That’s a great way of looking right. We’re not not grandfathers yet. Most of us, I would think so. Not yet in terms of being a grandparent. I mean, I wanted to jump in with, you know, as, as a parent, as a dad myself, how, like what activities, how do I encourage my parents if they were in that position?
to not get involved, but like what common challenges do you see with grandparents who are struggling with their grandkids and how can us parents help facilitate that to kind of put the question another way? Sure. Well, I appreciate the question. I think for the most part, grandmas have got locked in.
They’re ready to pounce as soon as they’re hearing a grandbaby’s on the way, they’re ready to go. I think sometimes grandfathers though can be a little bit more reserved that we’re not sure. Where we fit in with the expectancy with the first grandchild coming in And then with the new baby that’s arrived because it’s definitely Tends to be grandmas and mothers and sisters and you know, the females kind of take that over a little bit And I would say what fathers could do to help grandmothers and grandfathers, if they’re a little bit reserved, is give them the green light.
Be pretty explicit about it, being like, Hey, we want you involved. We want you here for the baby shower. We want you here for this. We want you here for that. And really kind of be very open about what the expectations are that you want. For the grandfathers and grandmothers to step into, because it helps us understand where some of those boundaries are, because if you’re telling me, Hey, we want you here for this, and we want you here for that.
Perfect. I’m all in. And then if you’re also suggesting that, Hey, we need you to hold back a little bit and let us just do this activity with our friends and family, then that also helps with that communication so that we know, you know, where the boundaries are, but then also. How can we jump in and fully embrace this activity?
Yeah, no, that’s, that’s great. I mean, perfect answer. And it’s in some ways, somewhat simple. Like, communicate is really what you’re saying. And that’s so true of everything in life, or so much of relationships. And, but it’s so simple, yet so difficult, and not easy to do clearly always. And especially when you’re in the midst of you know, a baby at home, or even a, a child growing up, you know, there’s just a lot on our plates.
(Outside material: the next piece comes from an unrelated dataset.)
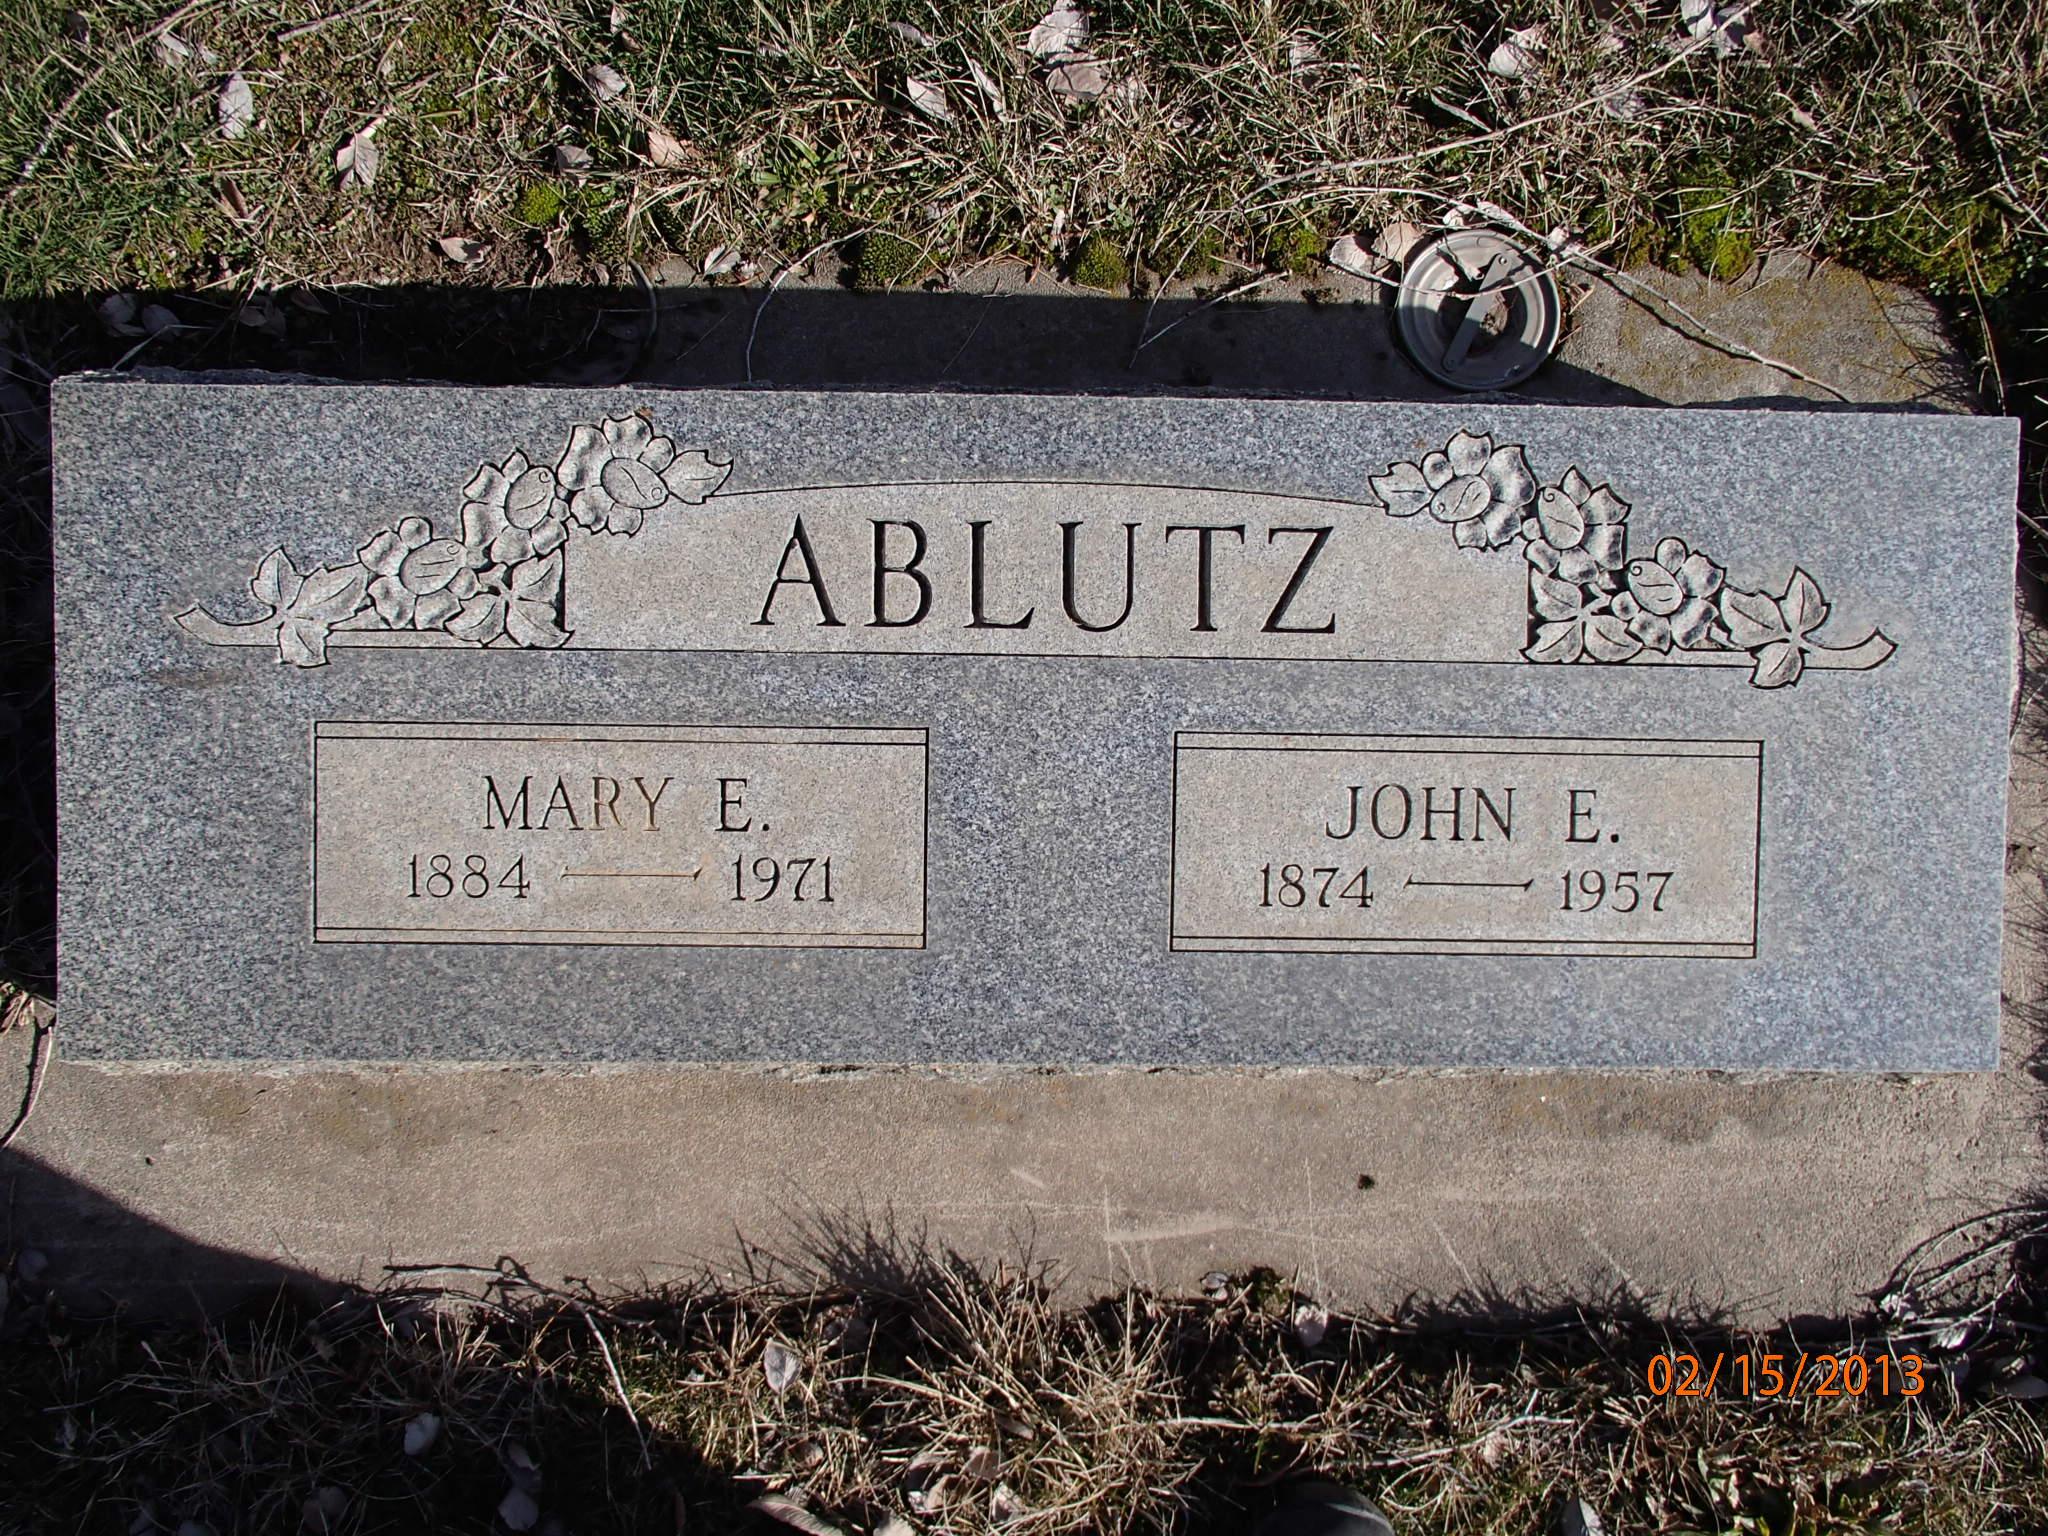 John Ervin Ablutz

We’re running around or feeling stressed and because the other word you used there, which I thought was really interesting, was expectations, you know, because that’s sort of the flip side of. boundaries in a way, you know, families want to have boundaries. You know, most families I talked to, like, you know, love having their parents close, but not too close.
But at the same time the flip side, as I said, is the expectation, right? Like I would like you to watch the kid more. I would like you to you know, why aren’t you going grocery, grocery shopping? I mean, you know, being a little facetious, a little bit explicit with those, but that’s the, I guess.
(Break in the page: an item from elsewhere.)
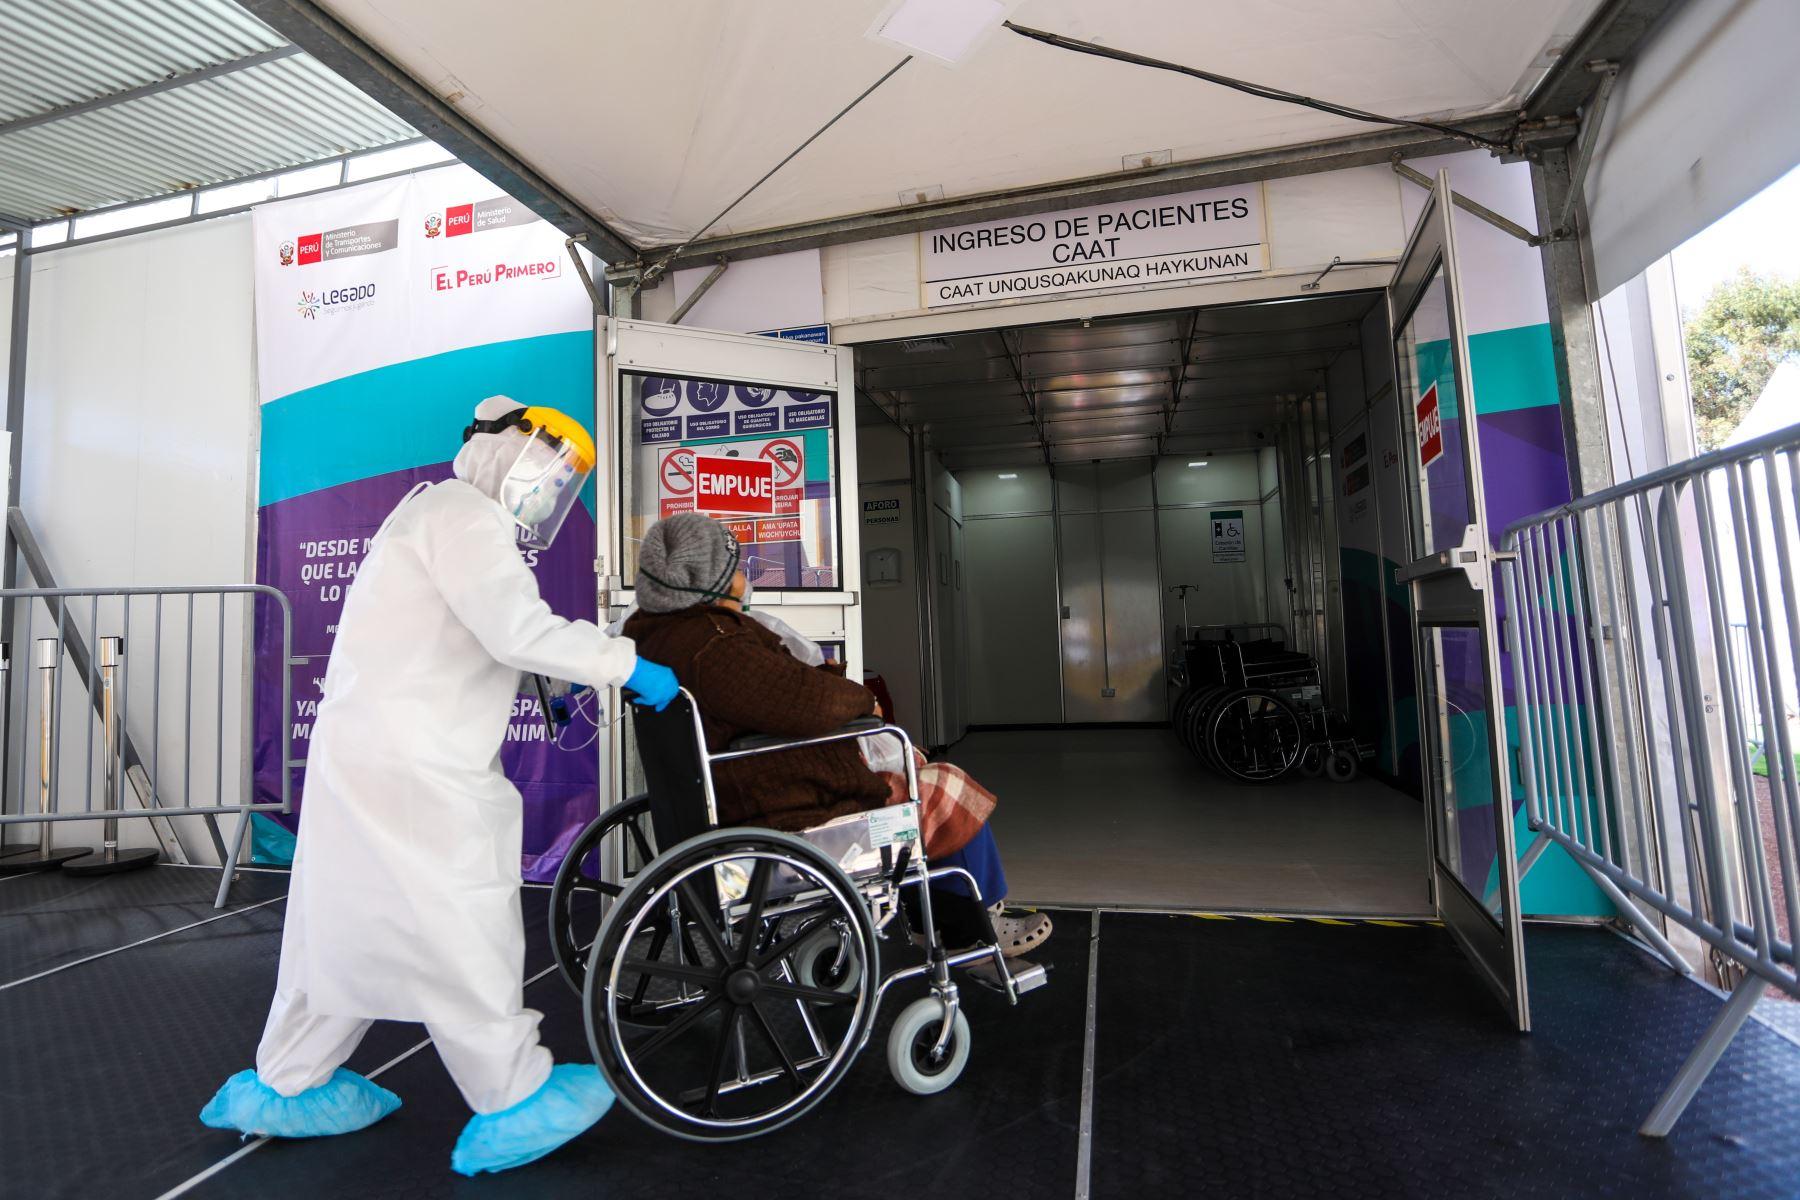 Centro de atención temporal de Juliaca recibe a sus primeros pacientes covid-19 | Noticias

The flip side, I mean, how would you, how have you approached that? Or how have you talked to heard from other grandpas who approached that or grandparents where it’s more of the expectation side not being met than the boundary side? Yeah, I think the expectation side is what leads to a lot of frustration.
For both the, the, the parents and the grandparents because the grandparents may have a set of expectations where as soon as they hear the news, there’s a grandbaby on the way. Whether it’s the first or the, I’m being funny, the 31st, it’s, you know, Hey, we wanna be there for the baby shower. We wanna be involved in any of the You know, some of the pregnancy photos, you know, if you’re doing stuff like that, we want to be there for painting the bedrooms we want to be, and that can be a lot.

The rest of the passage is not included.